Every line of the material is to be transcribed verbatim, with images omitted.
++++ Dataset content
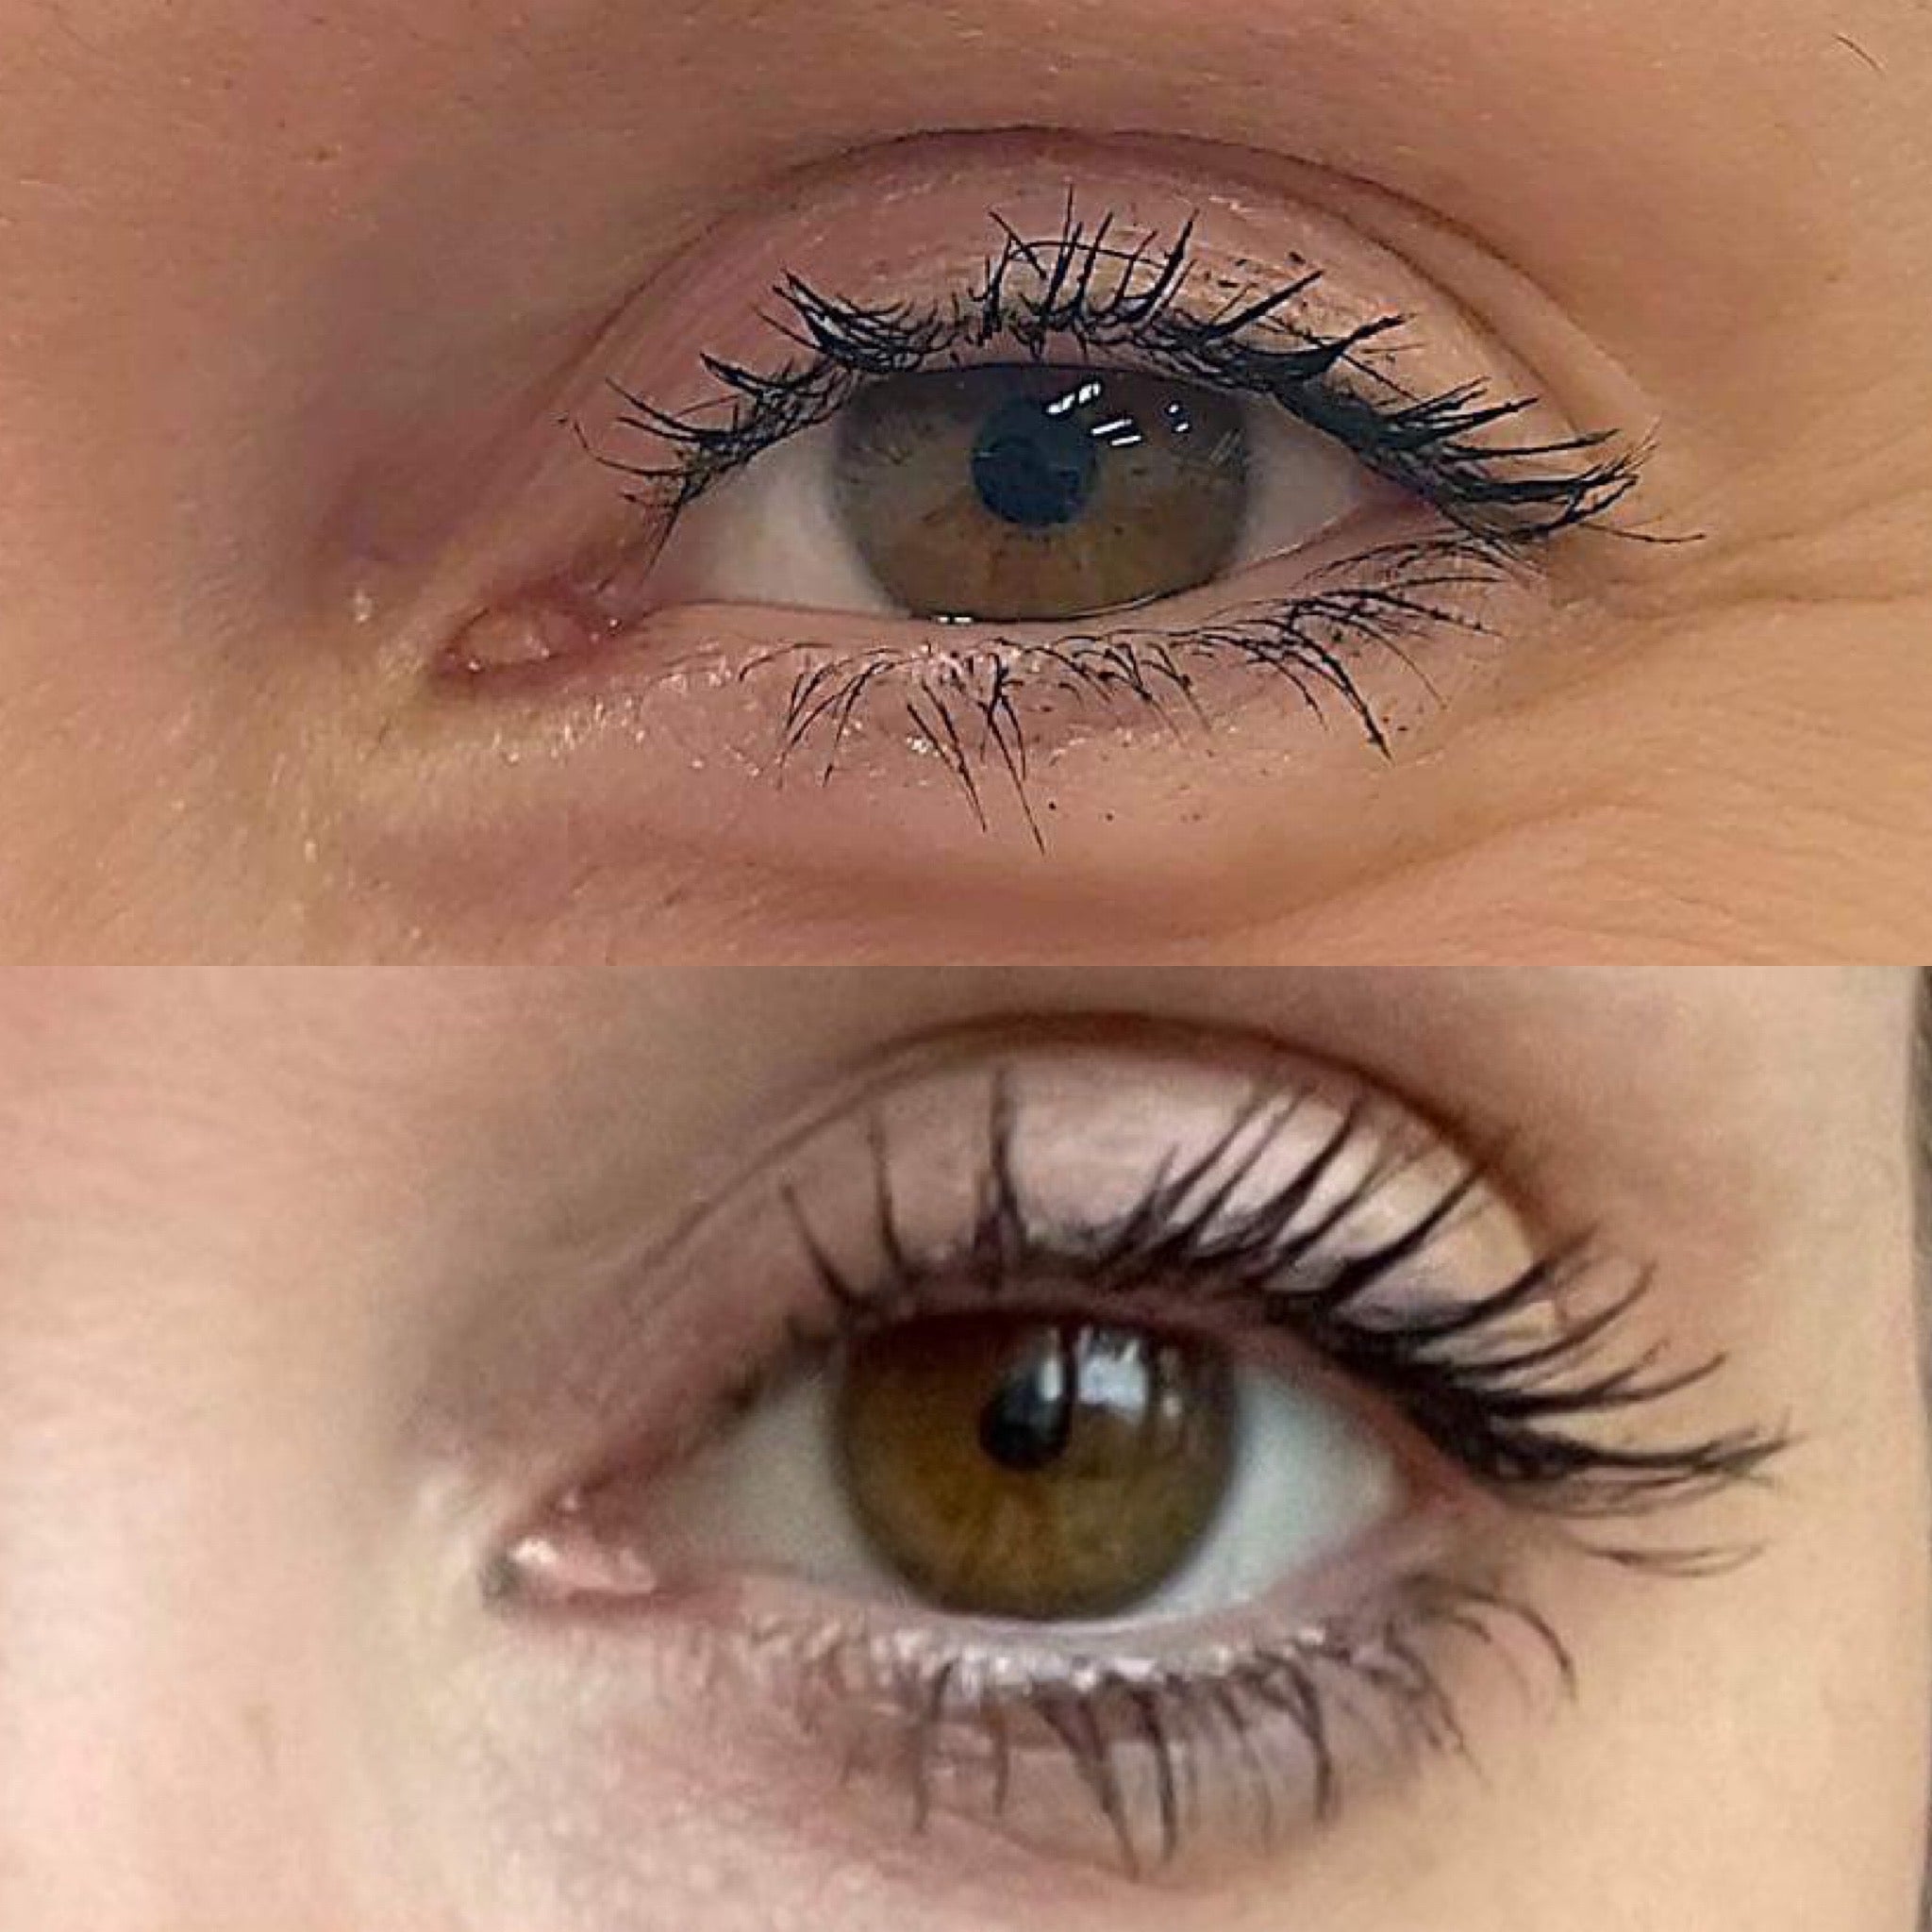 Before and After of using lash growth serum
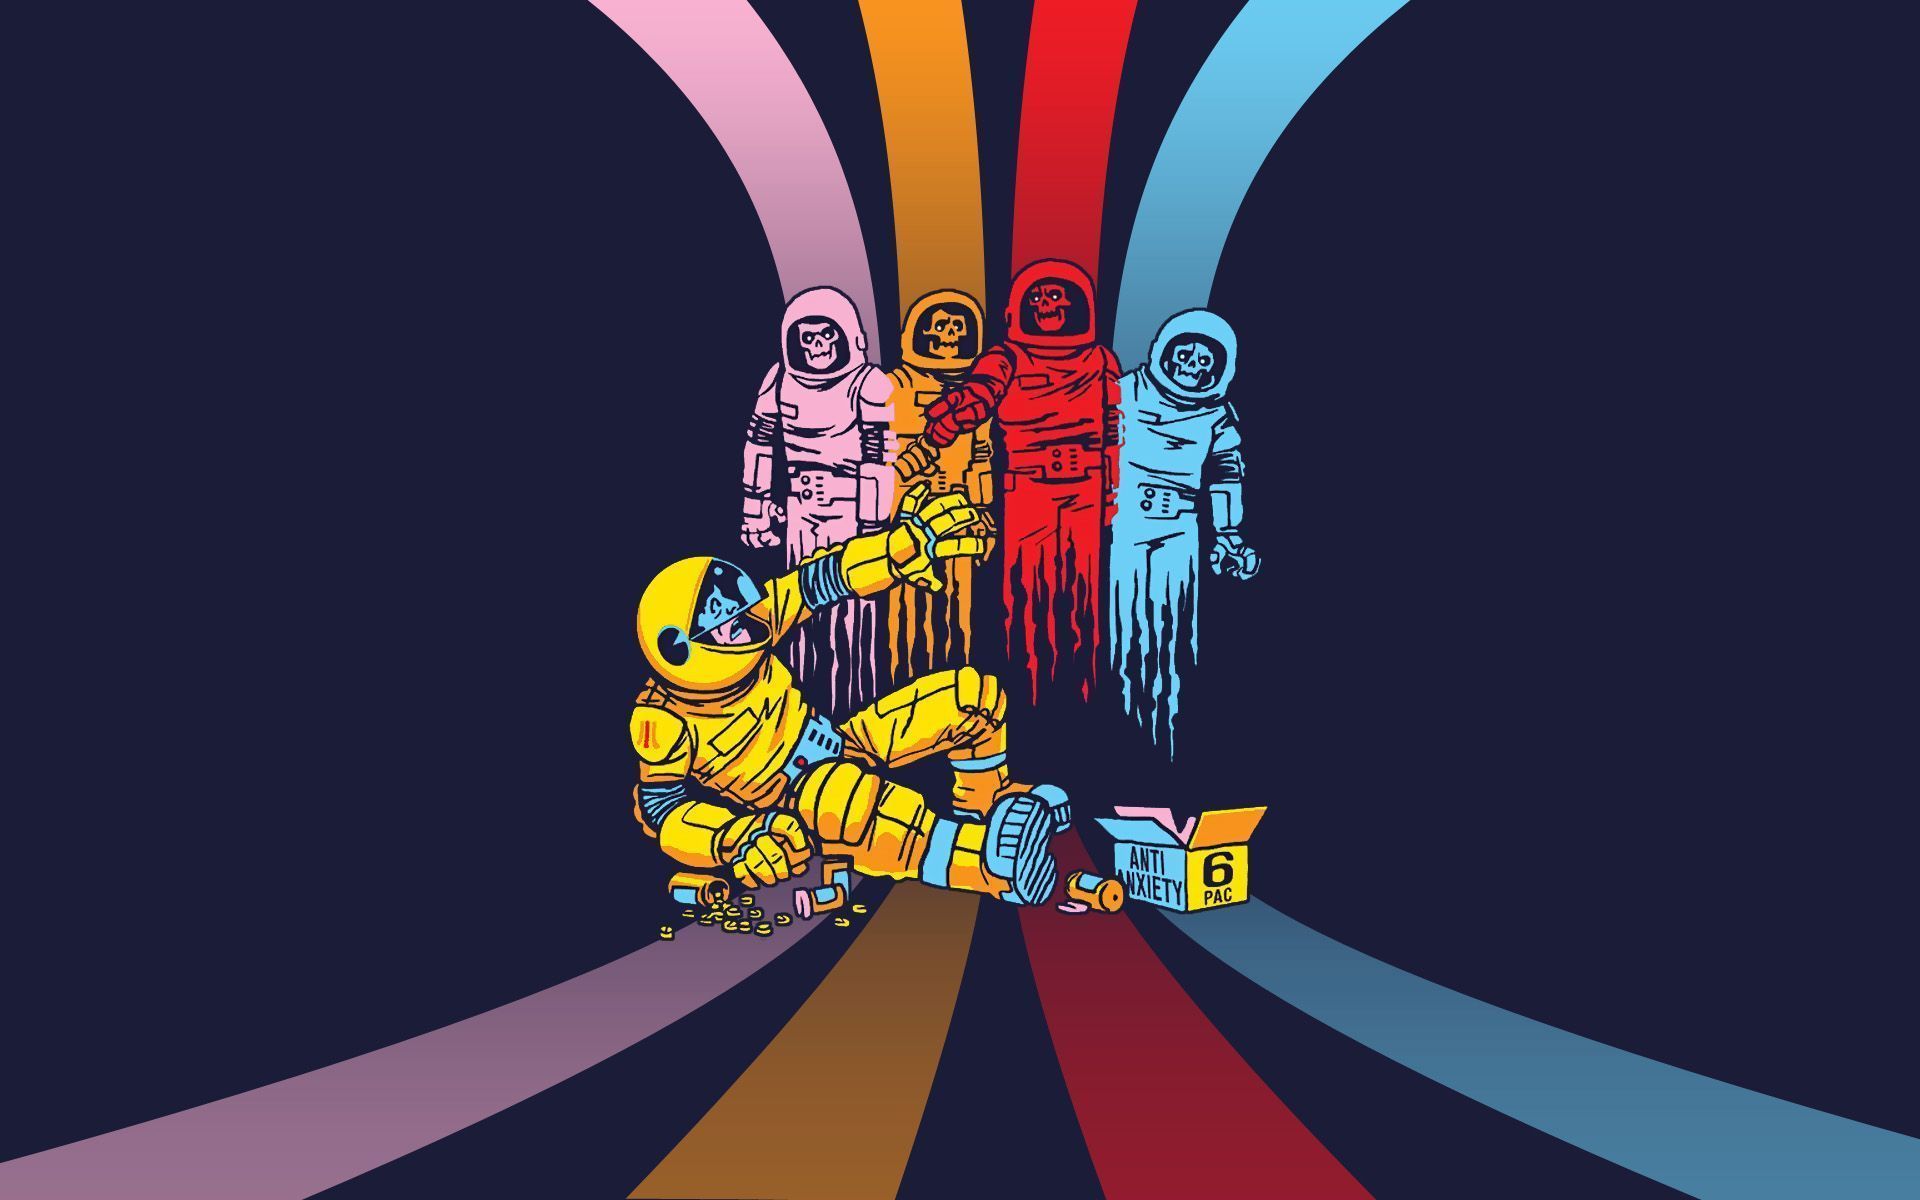 Weekly Wallpaper featuring Pac-Man in SPACE | PGM
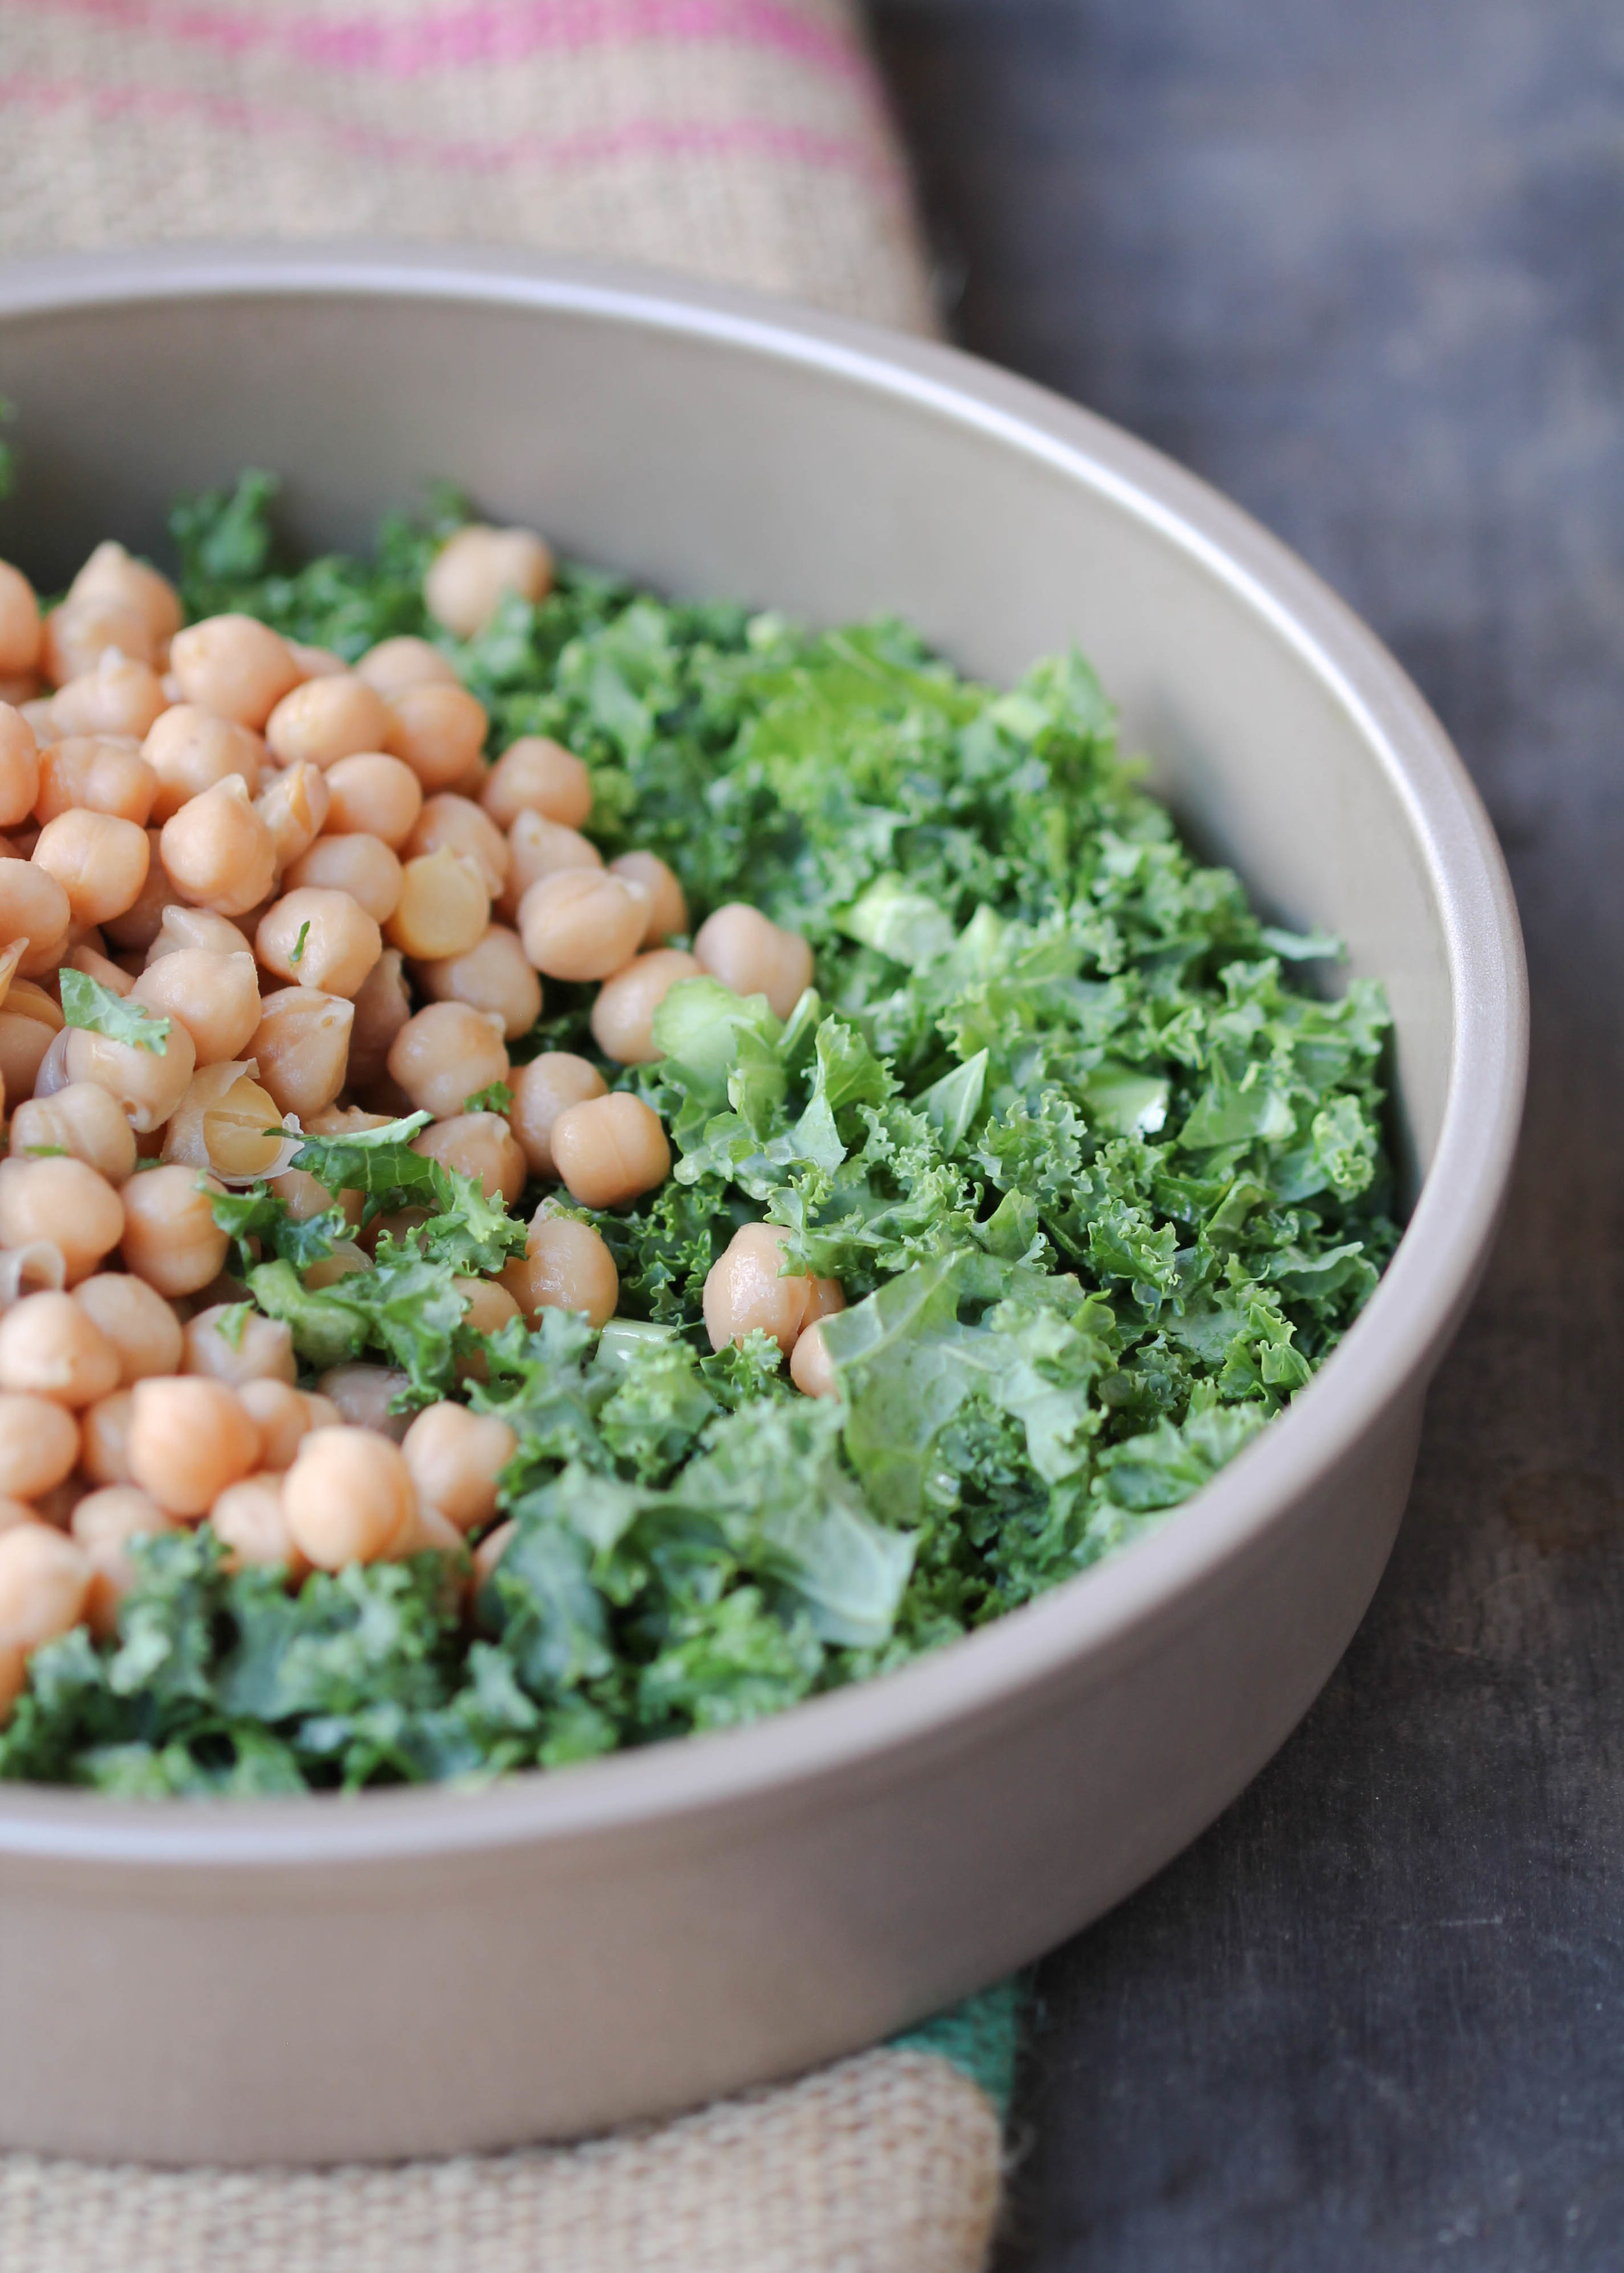 Chopped Kale and Chickpea Salad with Tamarind Vinaigrette is a sturdy, nutritious salad that packs well for lunch/picnic! It is naturally vegan, gluten-free, and allergy friendly as well.
++++++++
_Output of the task:_
 Before and After of using lash growth serum
 Weekly Wallpaper featuring Pac-Man in SPACE | PGM
 Chopped Kale and Chickpea Salad with Tamarind Vinaigrette is a sturdy, nutritious salad that packs well for lunch/picnic! It is naturally vegan, gluten-free, and allergy friendly as well.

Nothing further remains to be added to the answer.